:: Records to use ::

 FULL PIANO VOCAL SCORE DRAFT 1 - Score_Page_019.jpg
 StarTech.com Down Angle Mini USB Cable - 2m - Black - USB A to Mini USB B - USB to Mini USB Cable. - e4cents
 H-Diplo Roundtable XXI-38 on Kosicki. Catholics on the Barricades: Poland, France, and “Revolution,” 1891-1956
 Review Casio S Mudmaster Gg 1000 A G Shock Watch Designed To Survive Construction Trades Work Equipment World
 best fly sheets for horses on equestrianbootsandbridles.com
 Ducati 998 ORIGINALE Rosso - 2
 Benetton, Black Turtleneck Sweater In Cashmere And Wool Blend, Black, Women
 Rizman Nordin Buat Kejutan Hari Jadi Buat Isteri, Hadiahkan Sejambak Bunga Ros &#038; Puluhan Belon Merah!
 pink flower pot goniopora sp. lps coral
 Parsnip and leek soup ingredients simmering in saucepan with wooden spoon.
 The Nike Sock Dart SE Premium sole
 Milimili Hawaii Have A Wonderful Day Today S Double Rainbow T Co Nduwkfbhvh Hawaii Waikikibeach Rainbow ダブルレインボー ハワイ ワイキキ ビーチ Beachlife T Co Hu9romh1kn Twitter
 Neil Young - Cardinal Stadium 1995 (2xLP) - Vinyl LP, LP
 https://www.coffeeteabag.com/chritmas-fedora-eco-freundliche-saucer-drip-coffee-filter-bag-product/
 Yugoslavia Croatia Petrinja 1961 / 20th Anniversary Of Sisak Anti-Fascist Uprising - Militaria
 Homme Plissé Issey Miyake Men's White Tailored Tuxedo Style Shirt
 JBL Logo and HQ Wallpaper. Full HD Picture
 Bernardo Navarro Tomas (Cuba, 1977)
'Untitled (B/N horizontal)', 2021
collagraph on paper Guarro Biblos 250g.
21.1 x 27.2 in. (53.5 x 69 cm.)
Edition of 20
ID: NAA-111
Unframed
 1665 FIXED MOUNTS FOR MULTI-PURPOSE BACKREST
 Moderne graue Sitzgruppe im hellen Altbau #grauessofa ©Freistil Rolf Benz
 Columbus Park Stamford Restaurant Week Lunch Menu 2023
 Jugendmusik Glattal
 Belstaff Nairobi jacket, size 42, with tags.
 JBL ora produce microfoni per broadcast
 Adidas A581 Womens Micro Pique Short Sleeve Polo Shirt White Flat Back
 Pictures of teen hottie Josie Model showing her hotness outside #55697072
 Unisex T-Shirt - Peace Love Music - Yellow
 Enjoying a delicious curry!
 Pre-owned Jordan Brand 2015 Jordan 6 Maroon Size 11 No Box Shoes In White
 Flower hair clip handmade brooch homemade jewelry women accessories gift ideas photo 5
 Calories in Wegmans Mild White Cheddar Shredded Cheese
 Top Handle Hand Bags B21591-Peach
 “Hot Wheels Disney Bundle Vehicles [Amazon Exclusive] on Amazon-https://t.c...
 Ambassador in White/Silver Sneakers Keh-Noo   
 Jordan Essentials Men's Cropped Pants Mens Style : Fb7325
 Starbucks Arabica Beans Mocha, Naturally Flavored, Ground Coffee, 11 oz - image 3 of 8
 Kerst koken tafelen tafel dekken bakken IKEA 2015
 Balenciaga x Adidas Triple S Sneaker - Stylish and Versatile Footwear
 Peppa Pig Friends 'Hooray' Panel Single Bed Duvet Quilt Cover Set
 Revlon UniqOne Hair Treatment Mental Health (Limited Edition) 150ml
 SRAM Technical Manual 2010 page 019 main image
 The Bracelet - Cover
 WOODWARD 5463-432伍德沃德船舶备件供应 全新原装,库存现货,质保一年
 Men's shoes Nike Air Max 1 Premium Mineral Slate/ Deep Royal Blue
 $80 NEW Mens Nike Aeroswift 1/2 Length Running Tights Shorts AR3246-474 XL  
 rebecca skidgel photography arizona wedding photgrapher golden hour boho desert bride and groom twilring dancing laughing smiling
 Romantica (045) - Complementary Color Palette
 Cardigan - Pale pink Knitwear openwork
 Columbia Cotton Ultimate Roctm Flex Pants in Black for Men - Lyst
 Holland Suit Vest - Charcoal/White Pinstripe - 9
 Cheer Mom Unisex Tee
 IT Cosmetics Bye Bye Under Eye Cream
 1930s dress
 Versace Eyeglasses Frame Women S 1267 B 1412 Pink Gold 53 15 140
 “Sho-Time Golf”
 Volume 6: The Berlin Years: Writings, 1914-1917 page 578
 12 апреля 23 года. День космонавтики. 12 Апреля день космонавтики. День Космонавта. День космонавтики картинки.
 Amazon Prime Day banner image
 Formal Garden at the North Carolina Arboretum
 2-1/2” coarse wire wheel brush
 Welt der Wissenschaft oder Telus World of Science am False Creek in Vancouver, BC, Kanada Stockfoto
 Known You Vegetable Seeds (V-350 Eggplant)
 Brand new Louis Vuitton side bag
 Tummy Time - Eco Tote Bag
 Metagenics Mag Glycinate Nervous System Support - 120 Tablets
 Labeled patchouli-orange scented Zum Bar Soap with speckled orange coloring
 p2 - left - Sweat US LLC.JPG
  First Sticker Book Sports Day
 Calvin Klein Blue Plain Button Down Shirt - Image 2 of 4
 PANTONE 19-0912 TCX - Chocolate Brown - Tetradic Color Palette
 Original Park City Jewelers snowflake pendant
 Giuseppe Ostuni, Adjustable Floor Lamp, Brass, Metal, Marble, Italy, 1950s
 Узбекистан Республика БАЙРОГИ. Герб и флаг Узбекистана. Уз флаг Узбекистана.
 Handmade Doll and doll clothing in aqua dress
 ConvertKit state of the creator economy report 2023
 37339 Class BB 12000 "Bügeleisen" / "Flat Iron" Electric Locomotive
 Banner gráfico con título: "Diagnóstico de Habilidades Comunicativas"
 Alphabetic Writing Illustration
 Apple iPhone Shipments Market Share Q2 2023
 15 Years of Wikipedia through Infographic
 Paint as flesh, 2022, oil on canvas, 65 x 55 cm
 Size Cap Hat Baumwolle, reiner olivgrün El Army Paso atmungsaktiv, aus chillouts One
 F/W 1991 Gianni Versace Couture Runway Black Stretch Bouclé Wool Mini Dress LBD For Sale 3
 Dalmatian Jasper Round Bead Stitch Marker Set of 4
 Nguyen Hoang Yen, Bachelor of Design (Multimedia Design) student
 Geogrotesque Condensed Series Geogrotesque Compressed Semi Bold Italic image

:::

To do: Reproduce the material exactly, with every line intact.

Result:
 FULL PIANO VOCAL SCORE DRAFT 1 - Score_Page_019.jpg
 StarTech.com Down Angle Mini USB Cable - 2m - Black - USB A to Mini USB B - USB to Mini USB Cable. - e4cents
 H-Diplo Roundtable XXI-38 on Kosicki. Catholics on the Barricades: Poland, France, and “Revolution,” 1891-1956
 Review Casio S Mudmaster Gg 1000 A G Shock Watch Designed To Survive Construction Trades Work Equipment World
 best fly sheets for horses on equestrianbootsandbridles.com
 Ducati 998 ORIGINALE Rosso - 2
 Benetton, Black Turtleneck Sweater In Cashmere And Wool Blend, Black, Women
 Rizman Nordin Buat Kejutan Hari Jadi Buat Isteri, Hadiahkan Sejambak Bunga Ros &#038; Puluhan Belon Merah!
 pink flower pot goniopora sp. lps coral
 Parsnip and leek soup ingredients simmering in saucepan with wooden spoon.
 The Nike Sock Dart SE Premium sole
 Milimili Hawaii Have A Wonderful Day Today S Double Rainbow T Co Nduwkfbhvh Hawaii Waikikibeach Rainbow ダブルレインボー ハワイ ワイキキ ビーチ Beachlife T Co Hu9romh1kn Twitter
 Neil Young - Cardinal Stadium 1995 (2xLP) - Vinyl LP, LP
 https://www.coffeeteabag.com/chritmas-fedora-eco-freundliche-saucer-drip-coffee-filter-bag-product/
 Yugoslavia Croatia Petrinja 1961 / 20th Anniversary Of Sisak Anti-Fascist Uprising - Militaria
 Homme Plissé Issey Miyake Men's White Tailored Tuxedo Style Shirt
 JBL Logo and HQ Wallpaper. Full HD Picture
 Bernardo Navarro Tomas (Cuba, 1977)
'Untitled (B/N horizontal)', 2021
collagraph on paper Guarro Biblos 250g.
21.1 x 27.2 in. (53.5 x 69 cm.)
Edition of 20
ID: NAA-111
Unframed
 1665 FIXED MOUNTS FOR MULTI-PURPOSE BACKREST
 Moderne graue Sitzgruppe im hellen Altbau #grauessofa ©Freistil Rolf Benz
 Columbus Park Stamford Restaurant Week Lunch Menu 2023
 Jugendmusik Glattal
 Belstaff Nairobi jacket, size 42, with tags.
 JBL ora produce microfoni per broadcast
 Adidas A581 Womens Micro Pique Short Sleeve Polo Shirt White Flat Back
 Pictures of teen hottie Josie Model showing her hotness outside #55697072
 Unisex T-Shirt - Peace Love Music - Yellow
 Enjoying a delicious curry!
 Pre-owned Jordan Brand 2015 Jordan 6 Maroon Size 11 No Box Shoes In White
 Flower hair clip handmade brooch homemade jewelry women accessories gift ideas photo 5
 Calories in Wegmans Mild White Cheddar Shredded Cheese
 Top Handle Hand Bags B21591-Peach
 “Hot Wheels Disney Bundle Vehicles [Amazon Exclusive] on Amazon-https://t.c...
 Ambassador in White/Silver Sneakers Keh-Noo   
 Jordan Essentials Men's Cropped Pants Mens Style : Fb7325
 Starbucks Arabica Beans Mocha, Naturally Flavored, Ground Coffee, 11 oz - image 3 of 8
 Kerst koken tafelen tafel dekken bakken IKEA 2015
 Balenciaga x Adidas Triple S Sneaker - Stylish and Versatile Footwear
 Peppa Pig Friends 'Hooray' Panel Single Bed Duvet Quilt Cover Set
 Revlon UniqOne Hair Treatment Mental Health (Limited Edition) 150ml
 SRAM Technical Manual 2010 page 019 main image
 The Bracelet - Cover
 WOODWARD 5463-432伍德沃德船舶备件供应 全新原装,库存现货,质保一年
 Men's shoes Nike Air Max 1 Premium Mineral Slate/ Deep Royal Blue
 $80 NEW Mens Nike Aeroswift 1/2 Length Running Tights Shorts AR3246-474 XL  
 rebecca skidgel photography arizona wedding photgrapher golden hour boho desert bride and groom twilring dancing laughing smiling
 Romantica (045) - Complementary Color Palette
 Cardigan - Pale pink Knitwear openwork
 Columbia Cotton Ultimate Roctm Flex Pants in Black for Men - Lyst
 Holland Suit Vest - Charcoal/White Pinstripe - 9
 Cheer Mom Unisex Tee
 IT Cosmetics Bye Bye Under Eye Cream
 1930s dress
 Versace Eyeglasses Frame Women S 1267 B 1412 Pink Gold 53 15 140
 “Sho-Time Golf”
 Volume 6: The Berlin Years: Writings, 1914-1917 page 578
 12 апреля 23 года. День космонавтики. 12 Апреля день космонавтики. День Космонавта. День космонавтики картинки.
 Amazon Prime Day banner image
 Formal Garden at the North Carolina Arboretum
 2-1/2” coarse wire wheel brush
 Welt der Wissenschaft oder Telus World of Science am False Creek in Vancouver, BC, Kanada Stockfoto
 Known You Vegetable Seeds (V-350 Eggplant)
 Brand new Louis Vuitton side bag
 Tummy Time - Eco Tote Bag
 Metagenics Mag Glycinate Nervous System Support - 120 Tablets
 Labeled patchouli-orange scented Zum Bar Soap with speckled orange coloring
 p2 - left - Sweat US LLC.JPG
  First Sticker Book Sports Day
 Calvin Klein Blue Plain Button Down Shirt - Image 2 of 4
 PANTONE 19-0912 TCX - Chocolate Brown - Tetradic Color Palette
 Original Park City Jewelers snowflake pendant
 Giuseppe Ostuni, Adjustable Floor Lamp, Brass, Metal, Marble, Italy, 1950s
 Узбекистан Республика БАЙРОГИ. Герб и флаг Узбекистана. Уз флаг Узбекистана.
 Handmade Doll and doll clothing in aqua dress
 ConvertKit state of the creator economy report 2023
 37339 Class BB 12000 "Bügeleisen" / "Flat Iron" Electric Locomotive
 Banner gráfico con título: "Diagnóstico de Habilidades Comunicativas"
 Alphabetic Writing Illustration
 Apple iPhone Shipments Market Share Q2 2023
 15 Years of Wikipedia through Infographic
 Paint as flesh, 2022, oil on canvas, 65 x 55 cm
 Size Cap Hat Baumwolle, reiner olivgrün El Army Paso atmungsaktiv, aus chillouts One
 F/W 1991 Gianni Versace Couture Runway Black Stretch Bouclé Wool Mini Dress LBD For Sale 3
 Dalmatian Jasper Round Bead Stitch Marker Set of 4
 Nguyen Hoang Yen, Bachelor of Design (Multimedia Design) student
 Geogrotesque Condensed Series Geogrotesque Compressed Semi Bold Italic image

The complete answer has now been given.